Show Us the Value for Government Programmes, Demand UK MPs

Show Us the Value for Government Programmes, Demand UK MPs
GDP fell by 0.1 percent in March. (Dominic Lipinski/PA)
5/27/2022
Updated:
5/28/2022

There is no evidence the hundreds of billions of pounds of taxpayers’ money spent by the UK government on major projects like immigration provided value for money.

That is the stark finding from the Commons Public Accounts Committee which examined the value for money of government projects, programmes, and service delivery.

It has concluded the government pays only lip service to robust evaluation—“or at all”—to improve outcomes of major policy spends.

“Government spends hundreds of billions of pounds of taxpayers’ money on major projects with no evidence what is working or idea what to do when it isn’t,” said Dame Meg Hillier MP, chair of the Public Accounts Committee, which draws on the work of the National Audit Office to hold government officials to account for the economy, efficiency, and effectiveness of public spending.

The committee also said Prime Minister Boris Johnson’s Implementation Unit found in December 2019 that only 8 percent of the £432 billion spent on major projects had “robust” impact evaluation plans in place, while 64 percent of spend had no evaluation arrangements.

And it urged for better transparency around how cash is being spent on projects.

“Transparency is critical for the public to understand the evidence behind decisions and how money is being spent [and] also allows departments to learn lessons from past projects and from each other,” the committee said.

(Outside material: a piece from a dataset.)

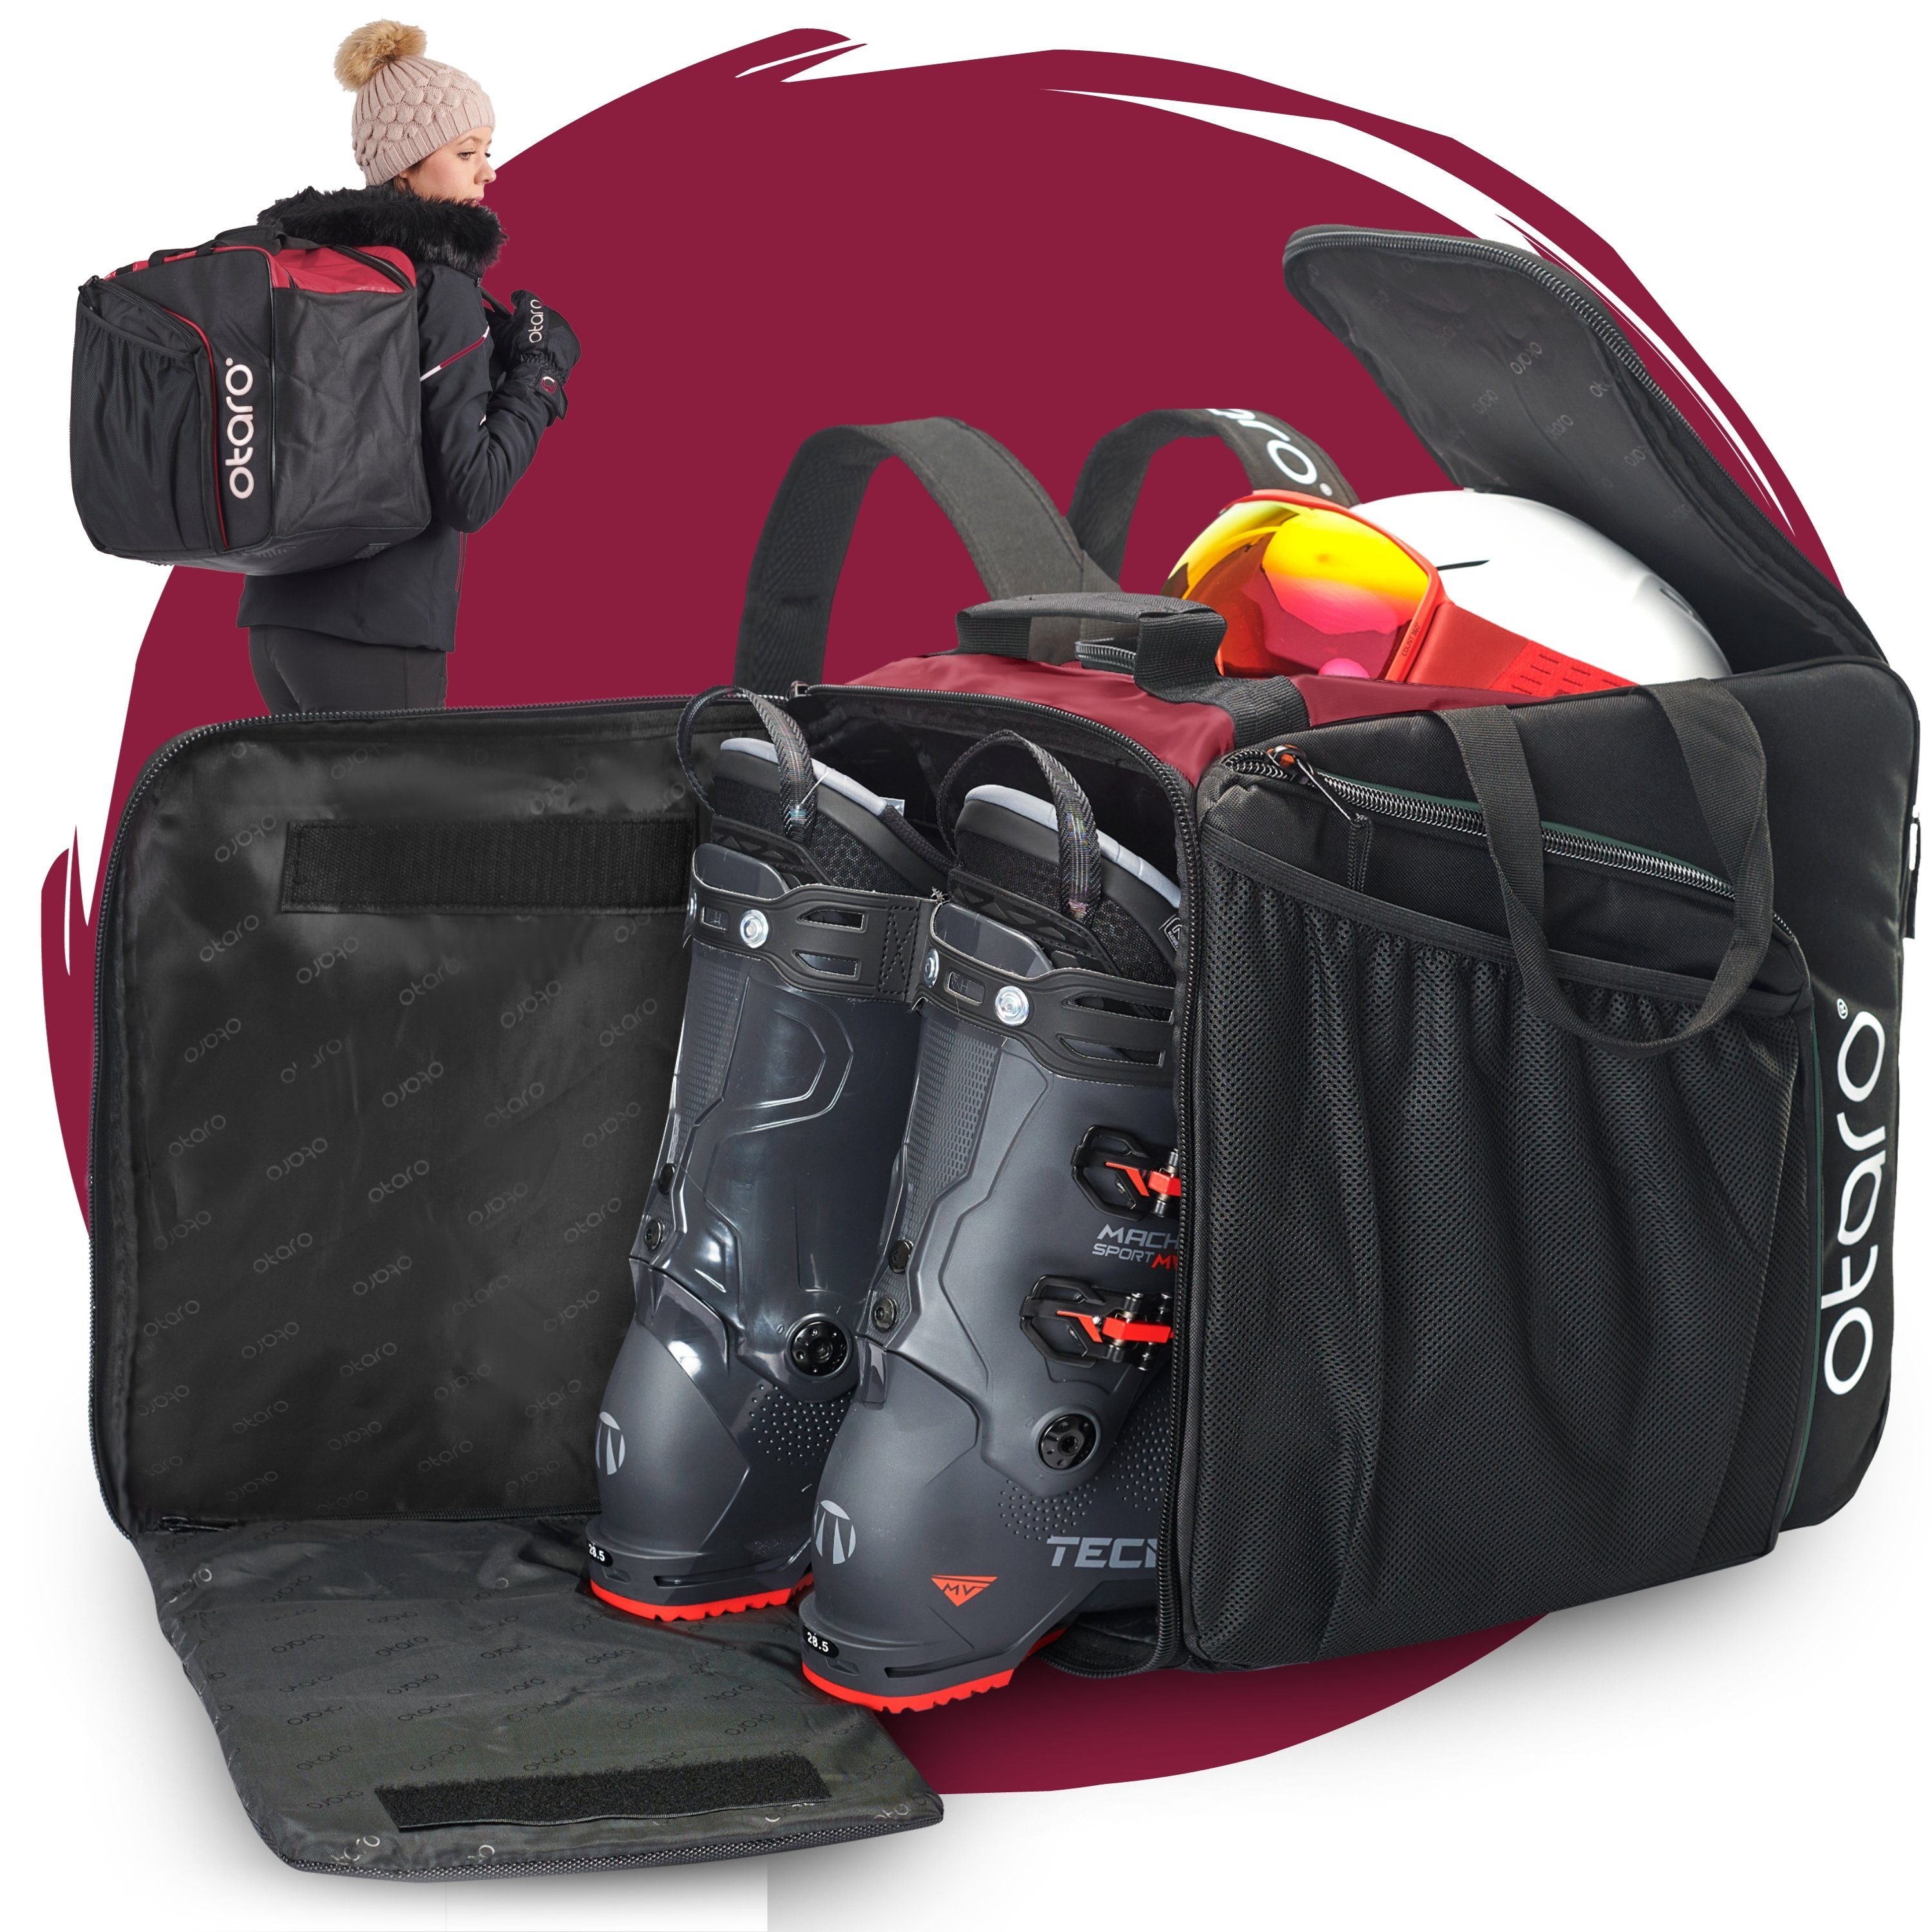 Otaro Sporttasche Skischuhtasche mit Helmfach & bequemen Rucksackträger, Pro 57L (Schutz für deine Ausrüstung, Perfekt durchdacht, ausklappbare Standfläche, für Skifahrer & Boarder) Schwarz Bordeauxrot

It added: “Ministers have the final say on whether evaluations should be published, and some parts of government are reluctant to publish their evaluations.”

The committee—made up of cross-party MPs—recommended the Treasury work with the Cabinet Office to publish a tracker with details of evaluations including their planned publication date, and explanations from departments where publication is delayed or withheld.

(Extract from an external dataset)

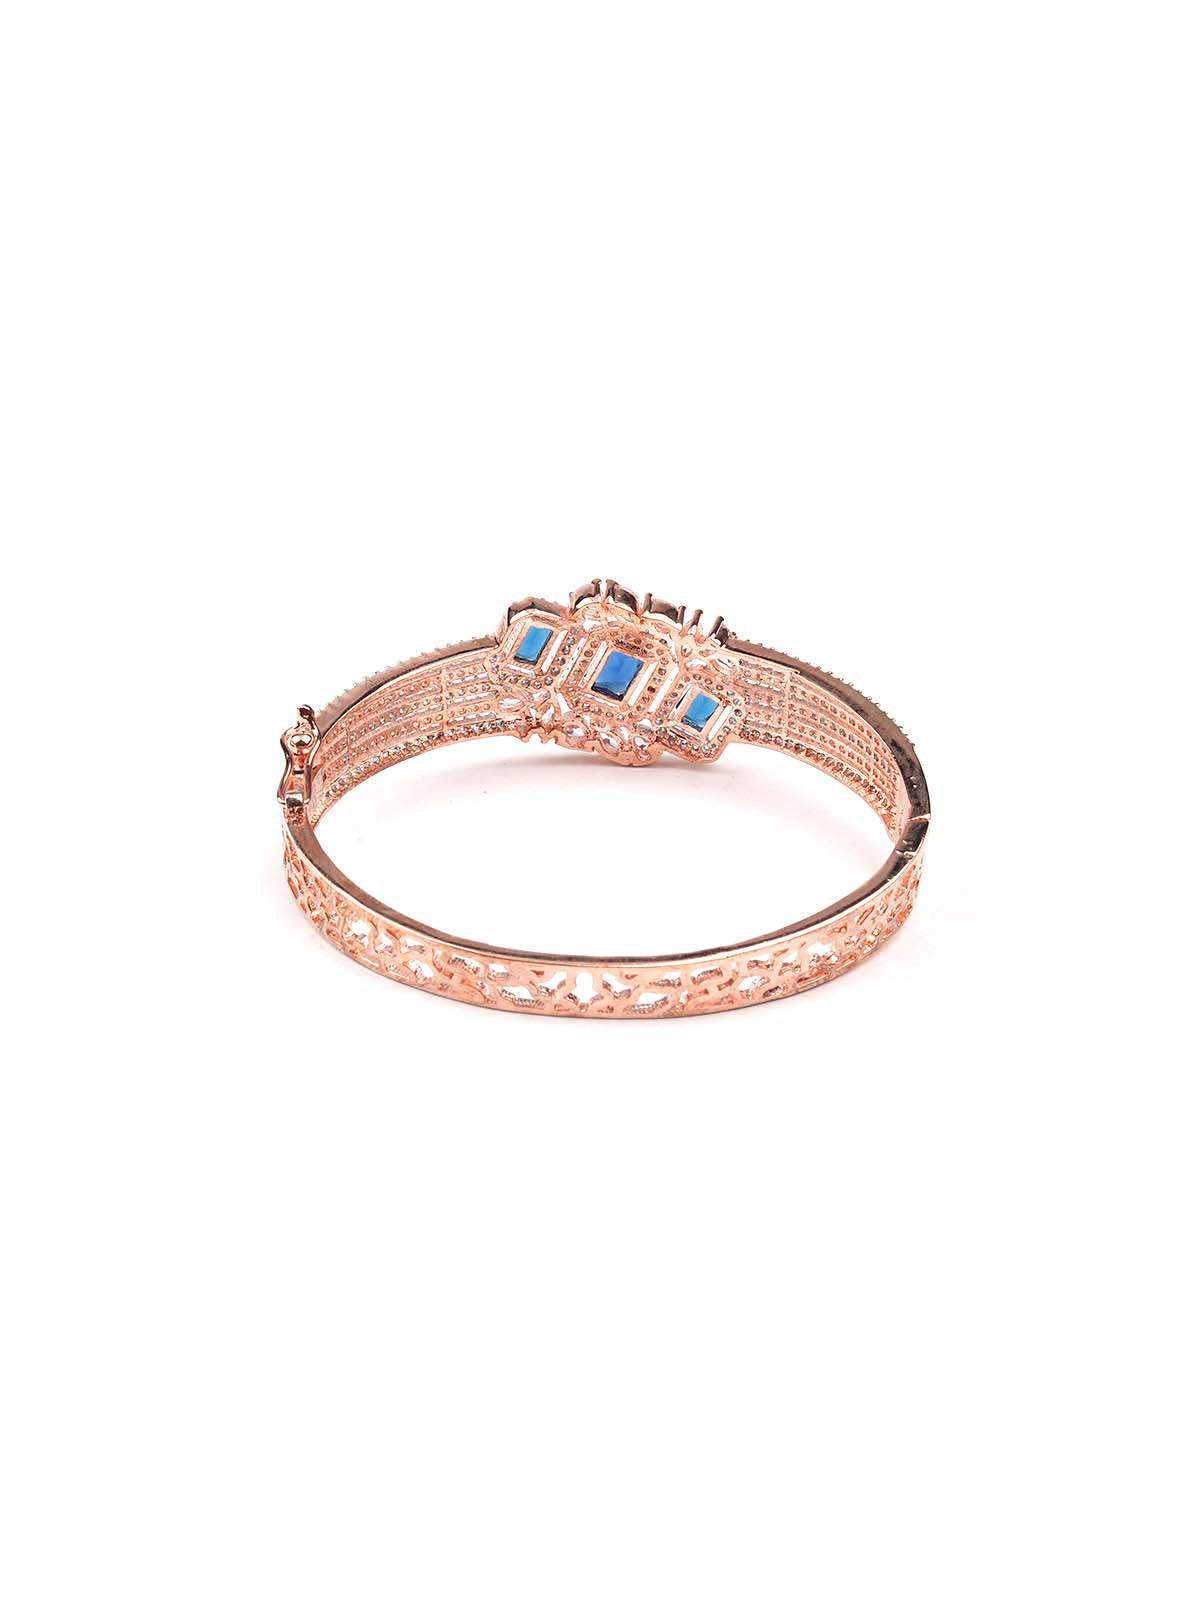 Stunning rose gold princess embellished bracelet - Odette

Two departments should also set out their objectives for improving the evaluation systems and how it is measured, it advised.

Chair Dame Meg Hillier MP used the government’s controversial immigration policy to illustrate its findings.

“The Home Office describes its Rwanda refugee policy as ‘experimental and novel’—so much that the Permanent Secretary sought a direction from the Minister to spend the money required, because it could not be shown that the programme will deliver its objectives with value for taxpayers’ money,” she said.

She added: “Now we are told that the terms of the agreement with the Rwandan government may trump transparency to the UK taxpayer.”

“That is absolutely unacceptable. Facing intertwined crises in our environment, energy supply, and cost-of-living, every penny counts. Government must show its cards and prove it is delivering or stop a programme quickly when it does not deliver—not gamble away taxpayers’ money.”

A government spokesperson told the media it had created the Evaluation Task Force to bolster its evaluation capability and the Treasury made evaluation a key part of the 2020 and 2021 spending reviews.

“The Procurement Bill will build on this work, requiring transparency publications on contract performance and allowing public sector organisations to ban underperforming suppliers from bidding for new contracts,” added the spokesperson.